▶ **Data extract**
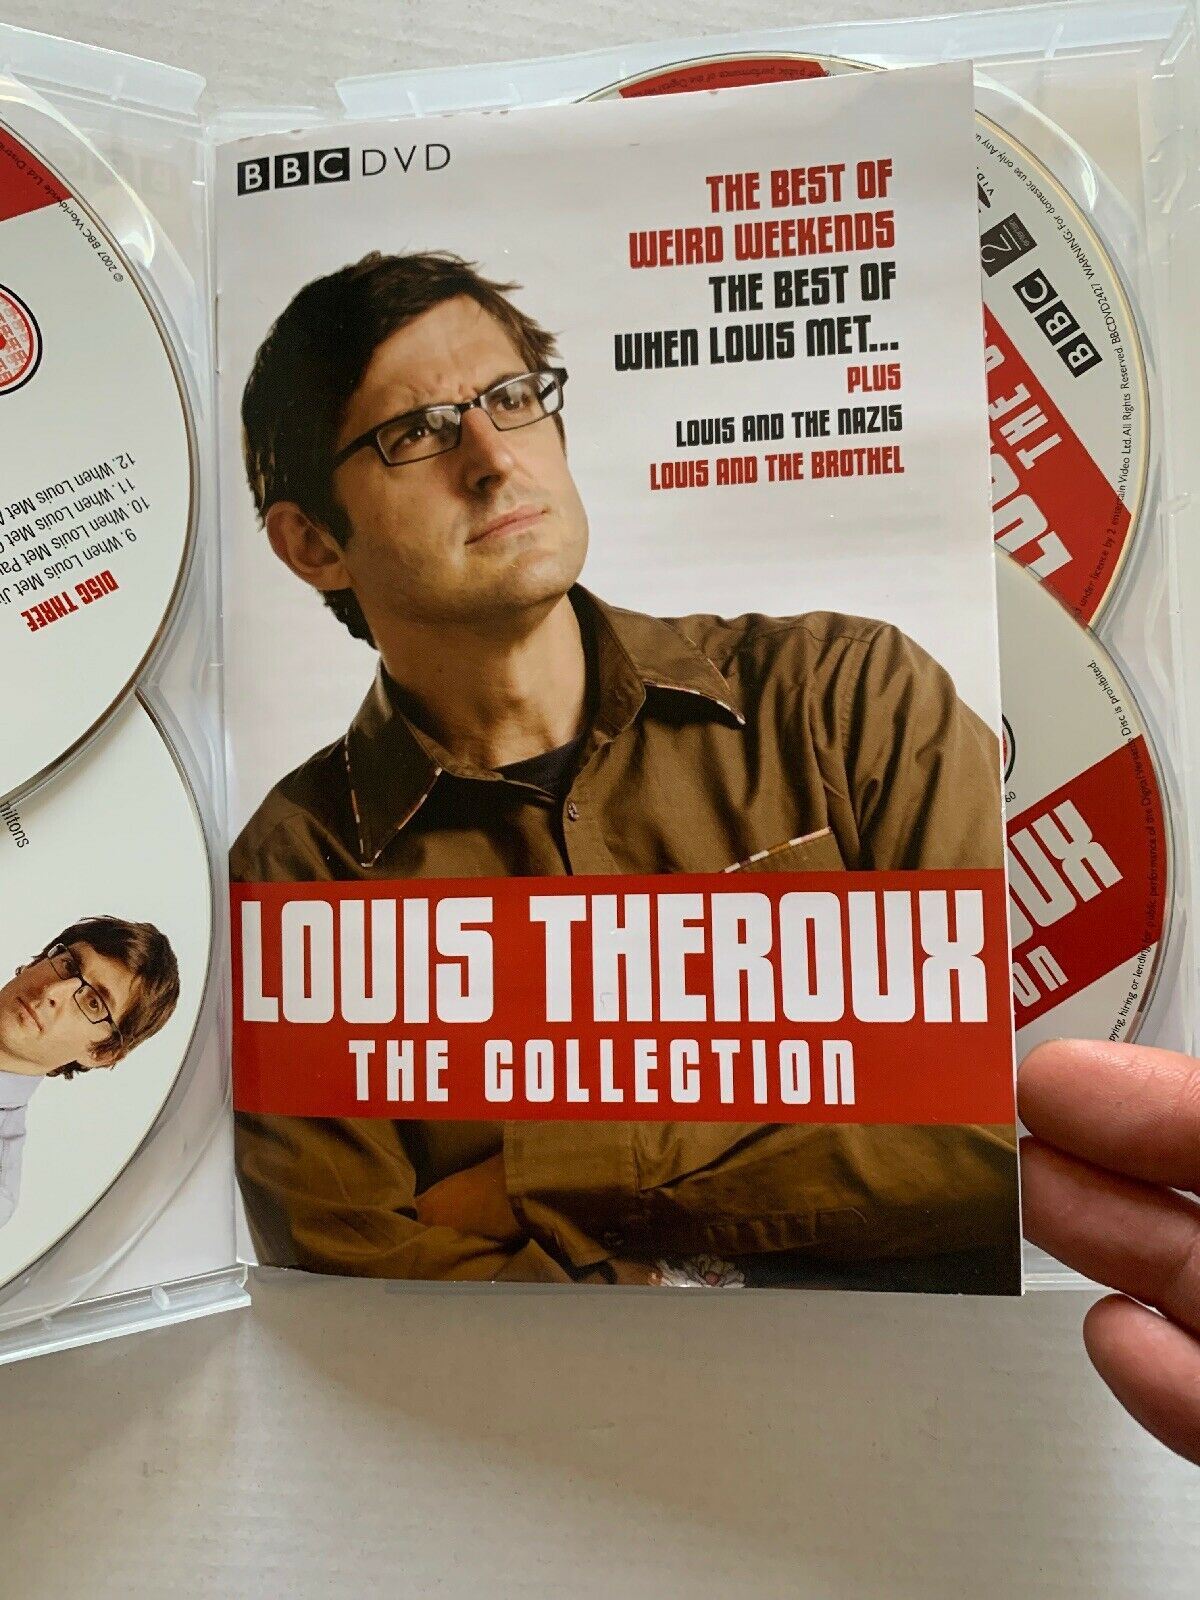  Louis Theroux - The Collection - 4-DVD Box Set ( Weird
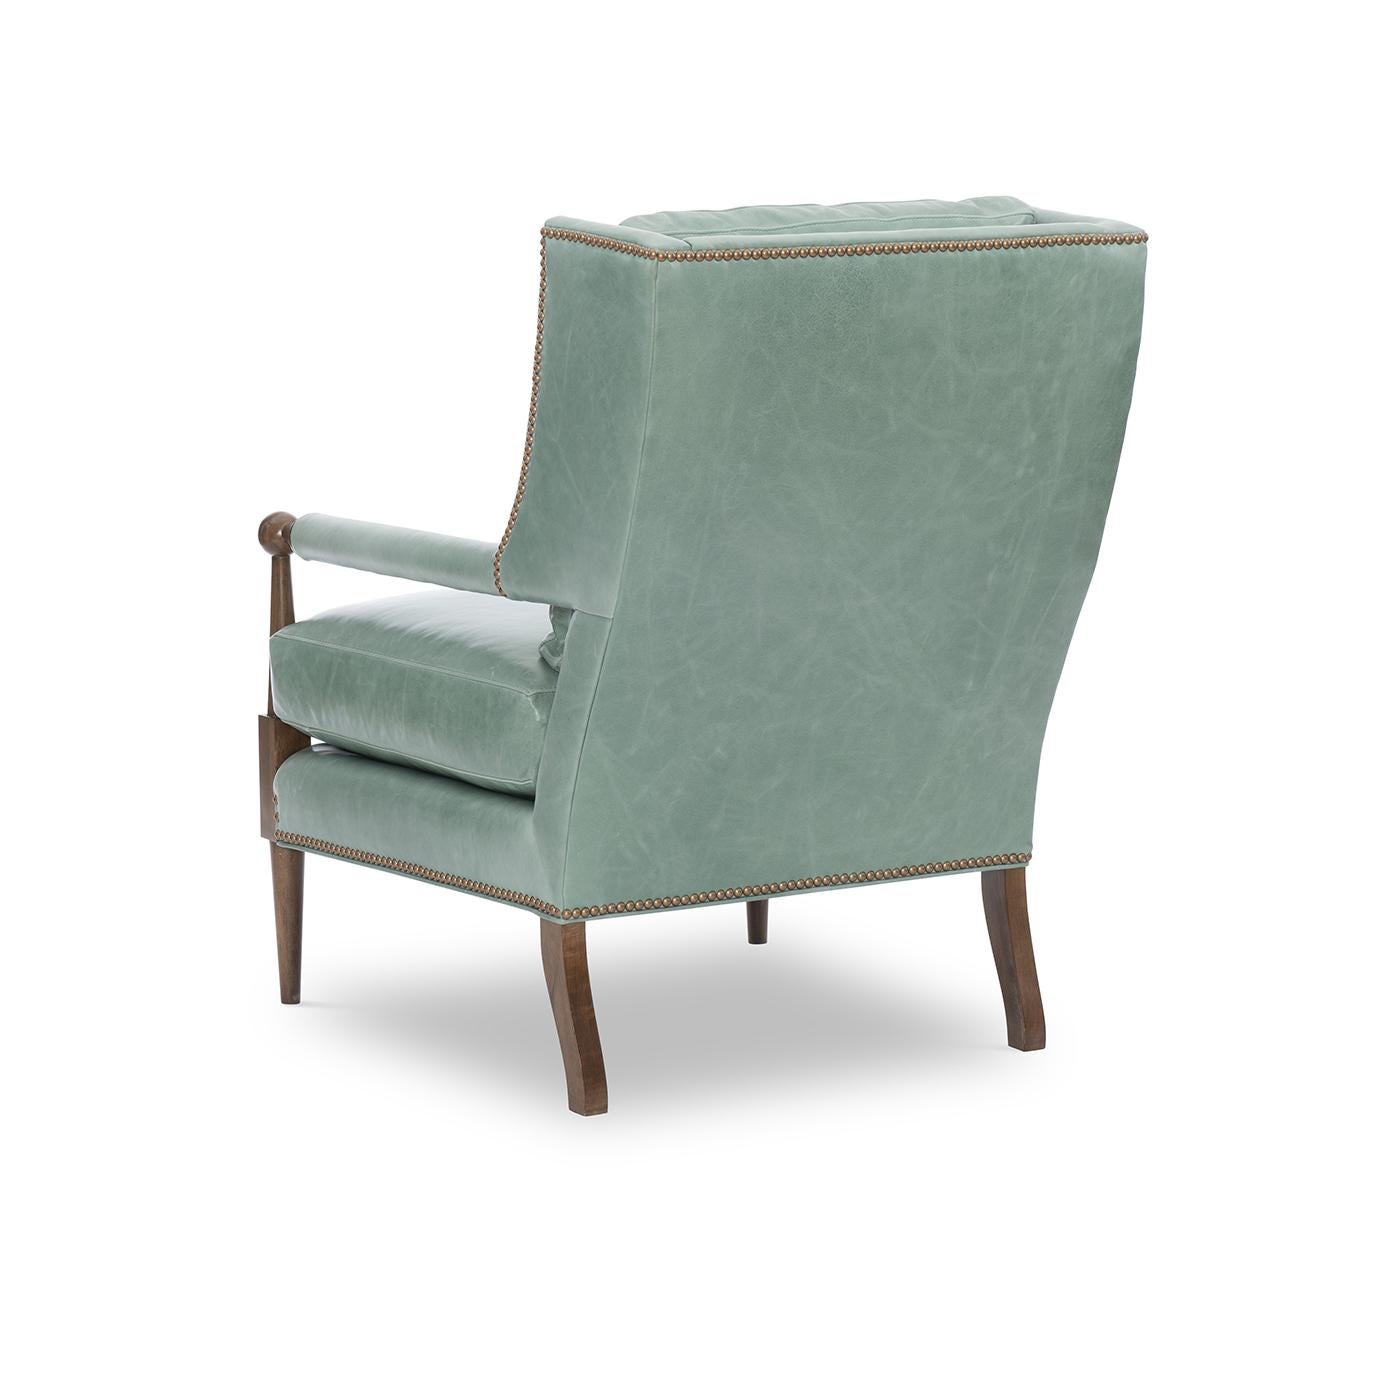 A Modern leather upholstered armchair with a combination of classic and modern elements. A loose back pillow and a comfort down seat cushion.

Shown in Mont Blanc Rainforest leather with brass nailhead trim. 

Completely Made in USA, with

--

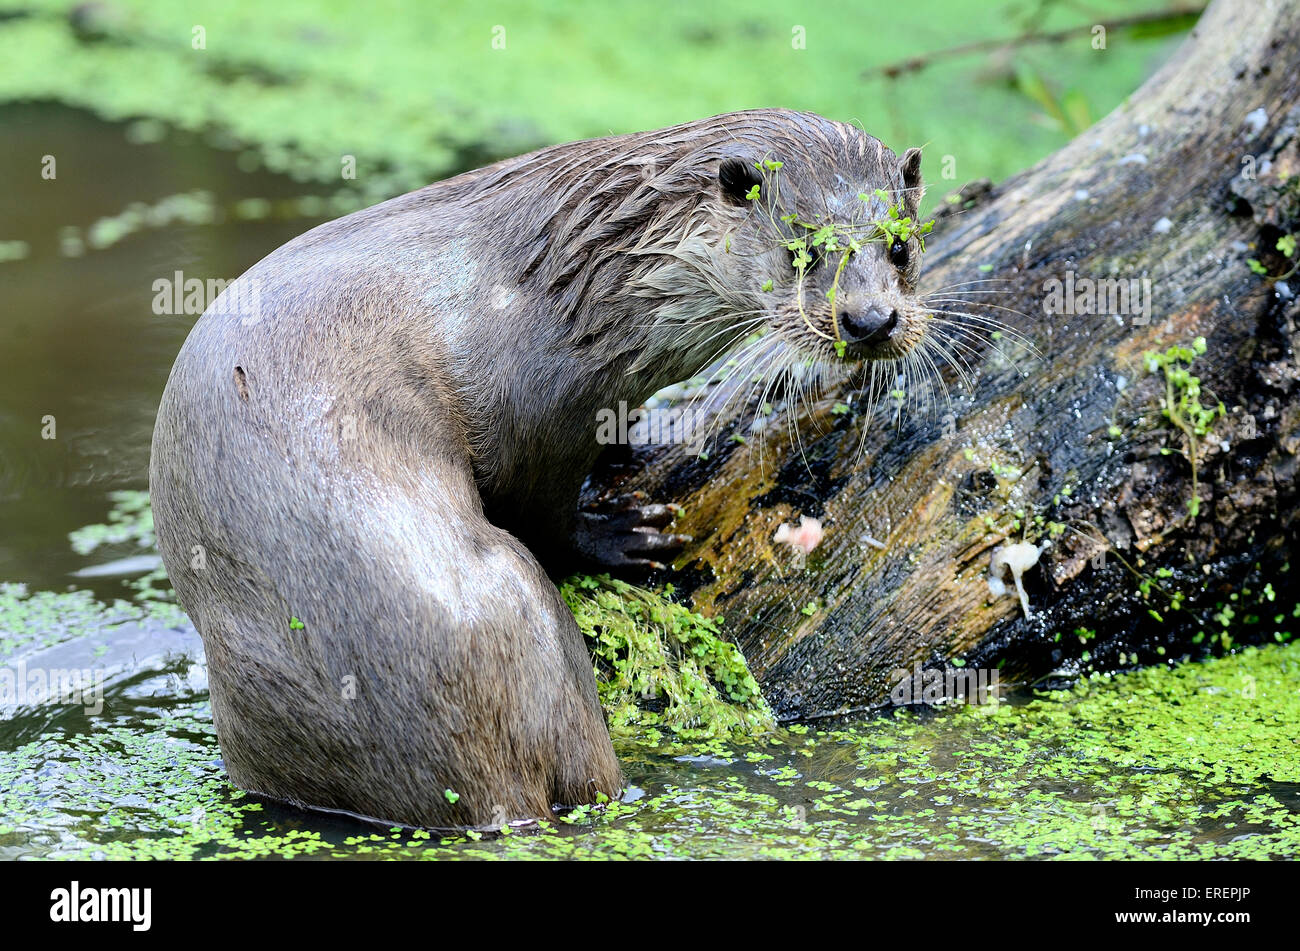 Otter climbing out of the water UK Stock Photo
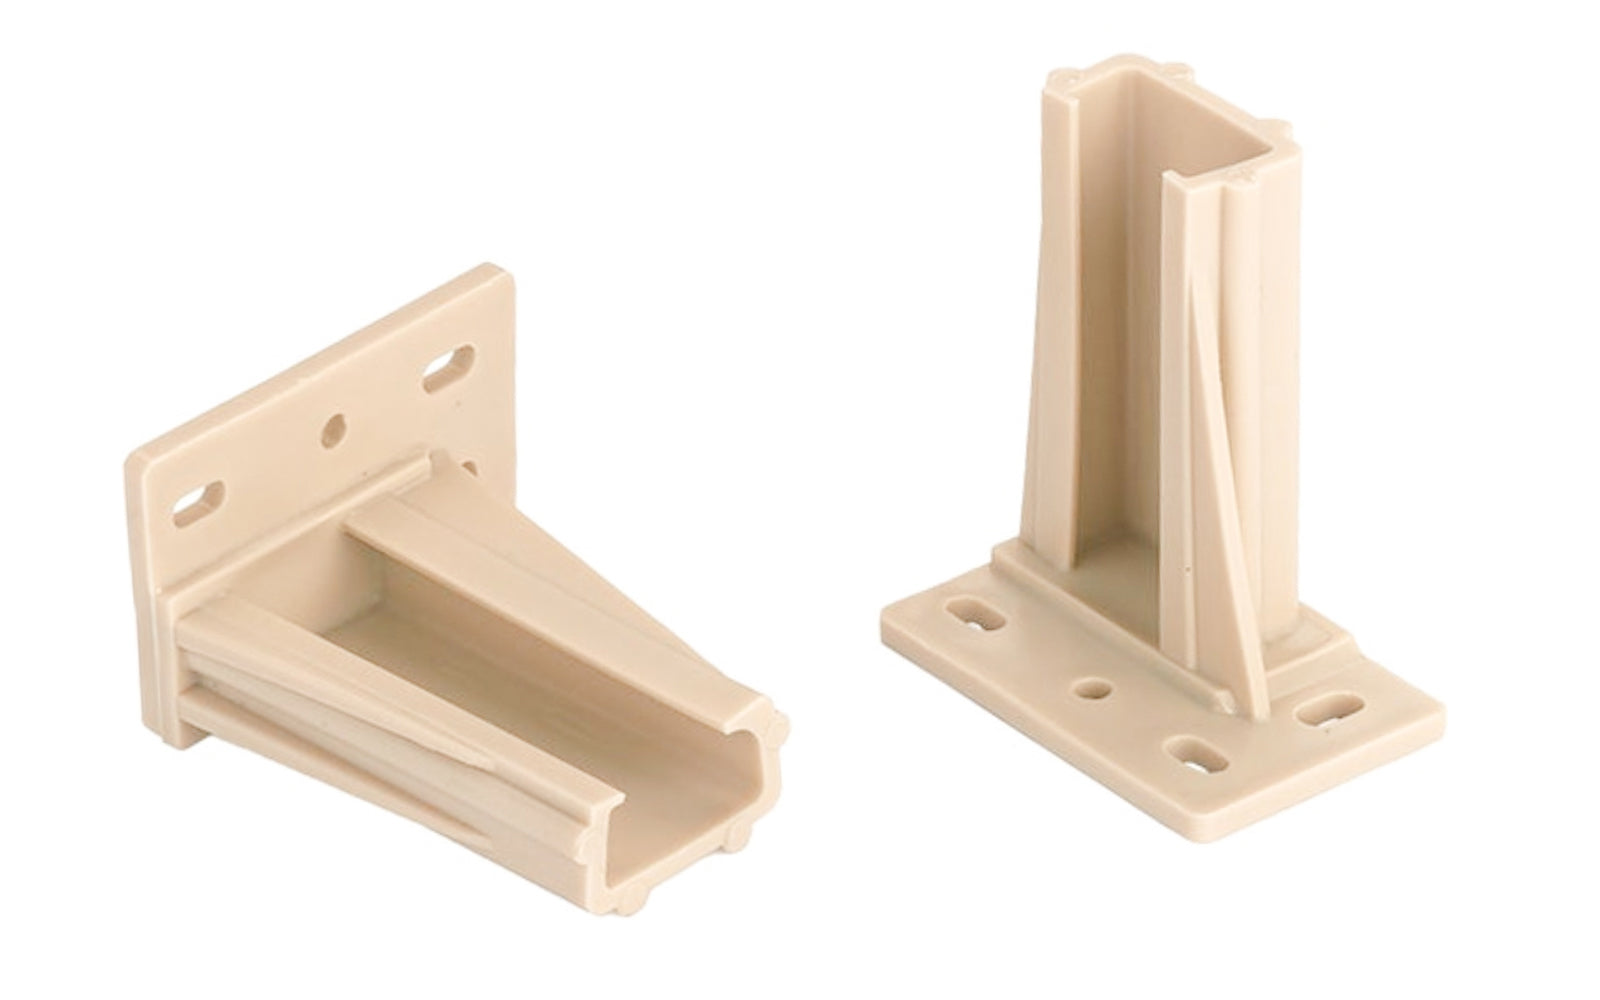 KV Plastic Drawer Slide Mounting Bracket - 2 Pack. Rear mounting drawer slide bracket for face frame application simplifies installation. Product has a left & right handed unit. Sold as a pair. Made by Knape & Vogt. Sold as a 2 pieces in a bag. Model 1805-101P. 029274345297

▶ **Task statement**
Starting with the line above that holds "Louis Theroux - The", restate each line word for word up to and including the line that holds "Completely Made in USA, with". Drop the pictures.

▶ **Output for this exercise**
  Louis Theroux - The Collection - 4-DVD Box Set ( Weird
 A Modern leather upholstered armchair with a combination of classic and modern elements. A loose back pillow and a comfort down seat cushion.

Shown in Mont Blanc Rainforest leather with brass nailhead trim. 

Completely Made in USA, with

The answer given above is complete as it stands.